WHAT THE TASK REQUIRES: Return only the lines below starting at the line containing "Ontario, Canada, Inc" and ending at the line containing "52816, new contemporary", both included, exactly as they are and with no pictures.
--- PROVIDED RECORDS Enclosed Below ---
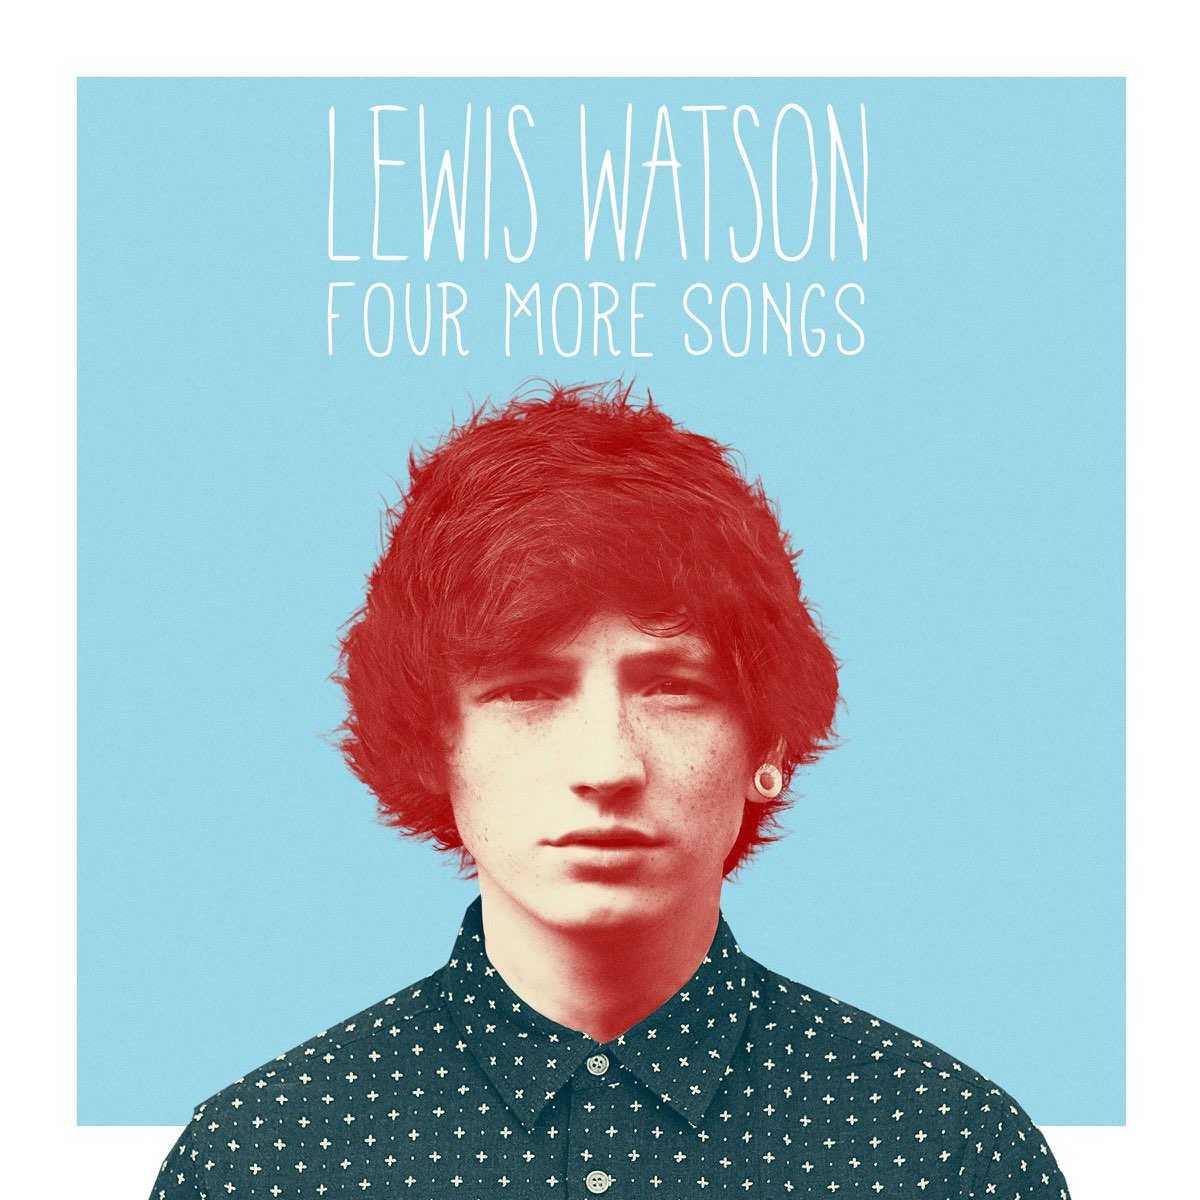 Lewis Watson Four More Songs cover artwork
--- End of Enclosed PROVIDED RECORDS ---
--- PROVIDED RECORDS Enclosed Below ---
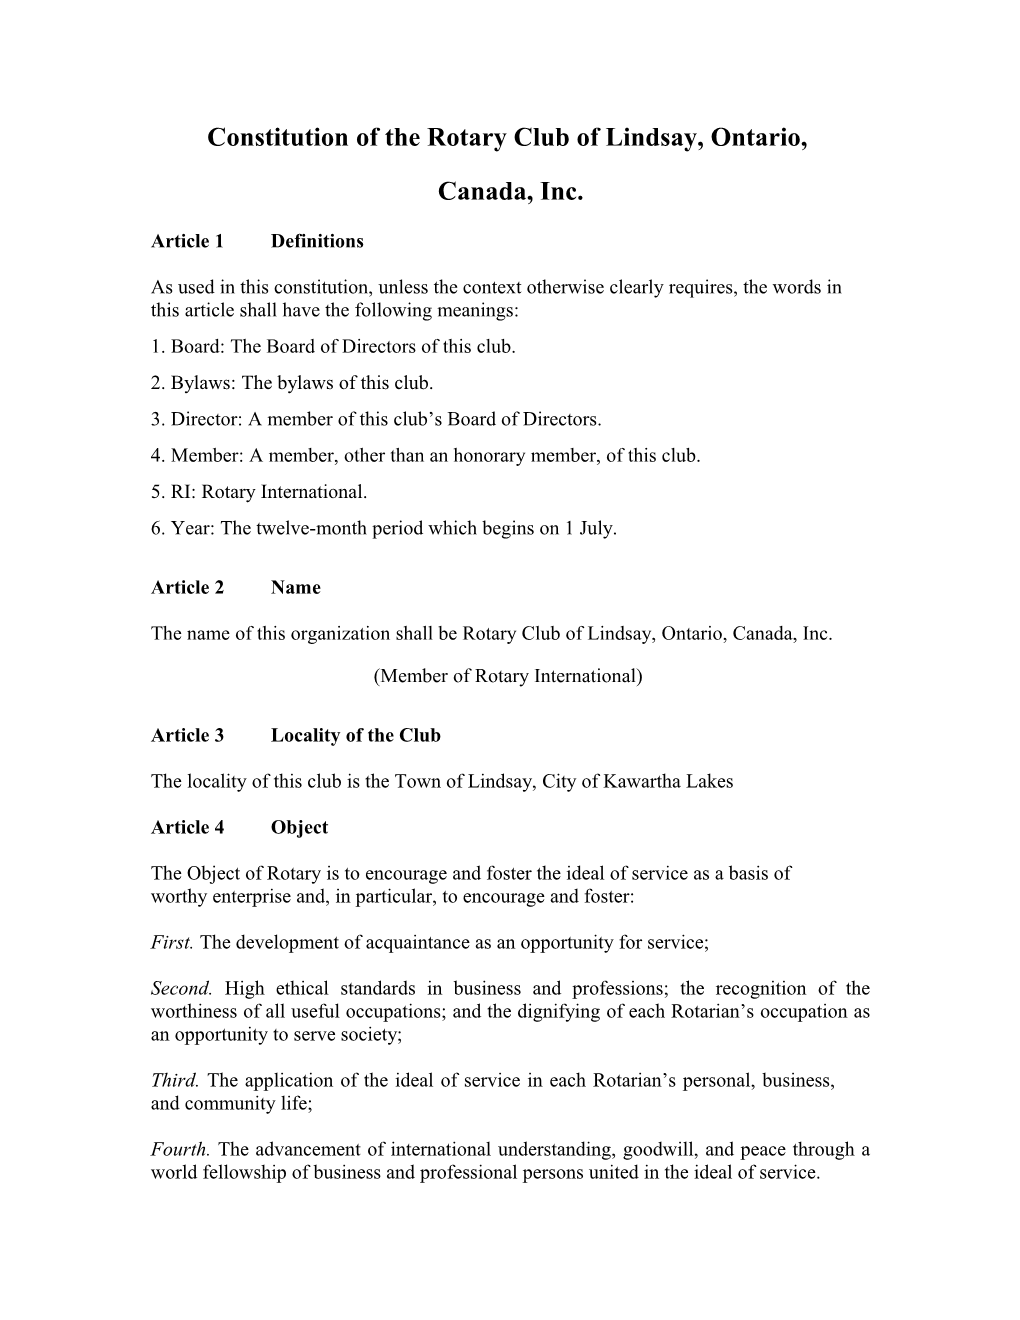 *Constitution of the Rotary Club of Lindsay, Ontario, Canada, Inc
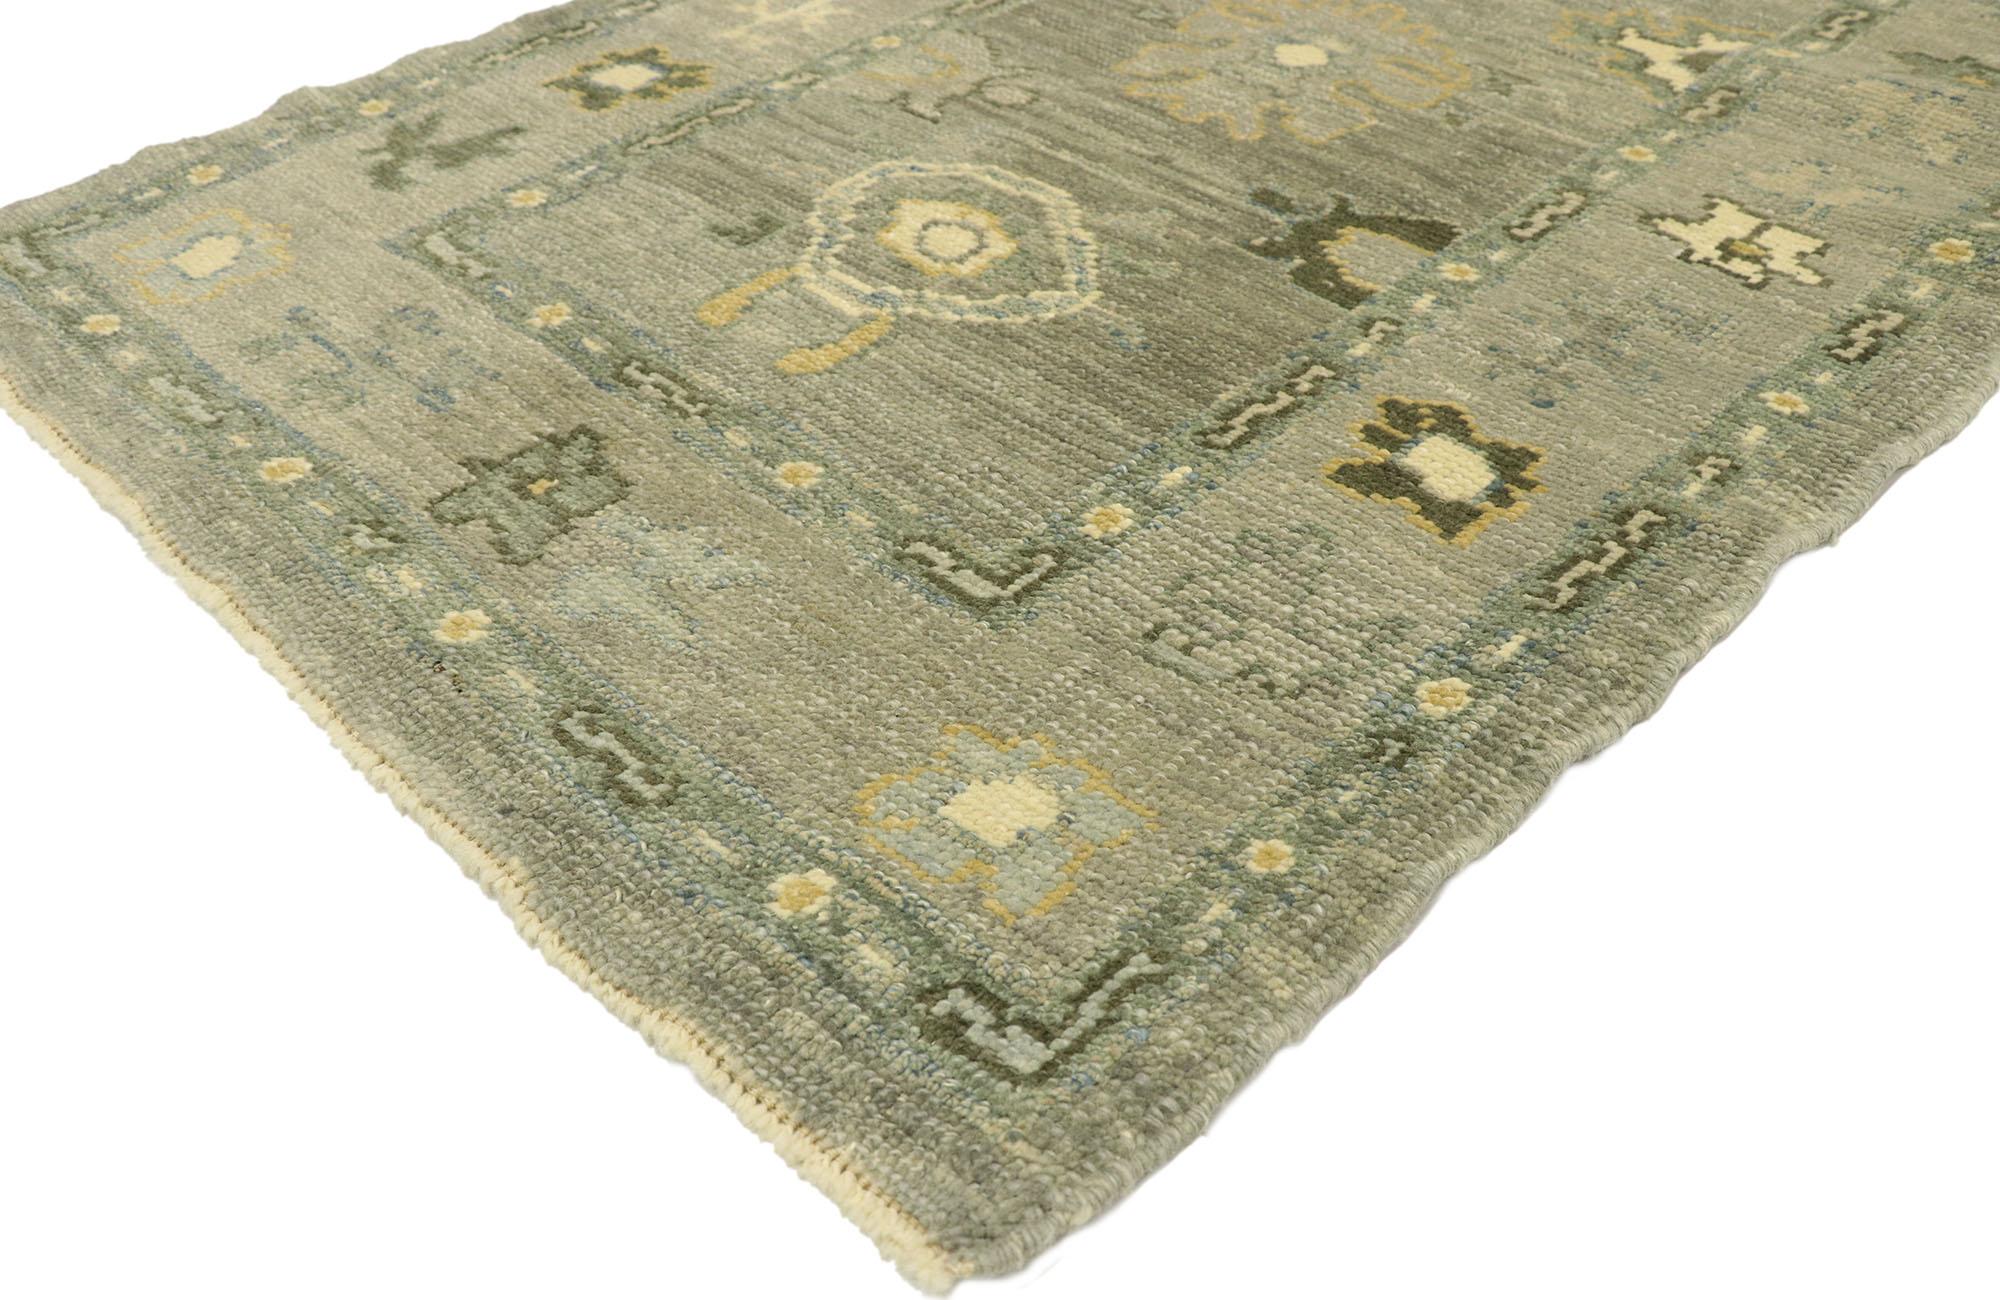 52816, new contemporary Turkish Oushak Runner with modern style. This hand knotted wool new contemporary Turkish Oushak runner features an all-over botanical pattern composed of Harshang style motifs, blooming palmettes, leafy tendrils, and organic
--- End of Enclosed PROVIDED RECORDS ---
COMPLETED EXERCISE:
 *Constitution of the Rotary Club of Lindsay, Ontario, Canada, Inc
 52816, new contemporary Turkish Oushak Runner with modern style. This hand knotted wool new contemporary Turkish Oushak runner features an all-over botanical pattern composed of Harshang style motifs, blooming palmettes, leafy tendrils, and organic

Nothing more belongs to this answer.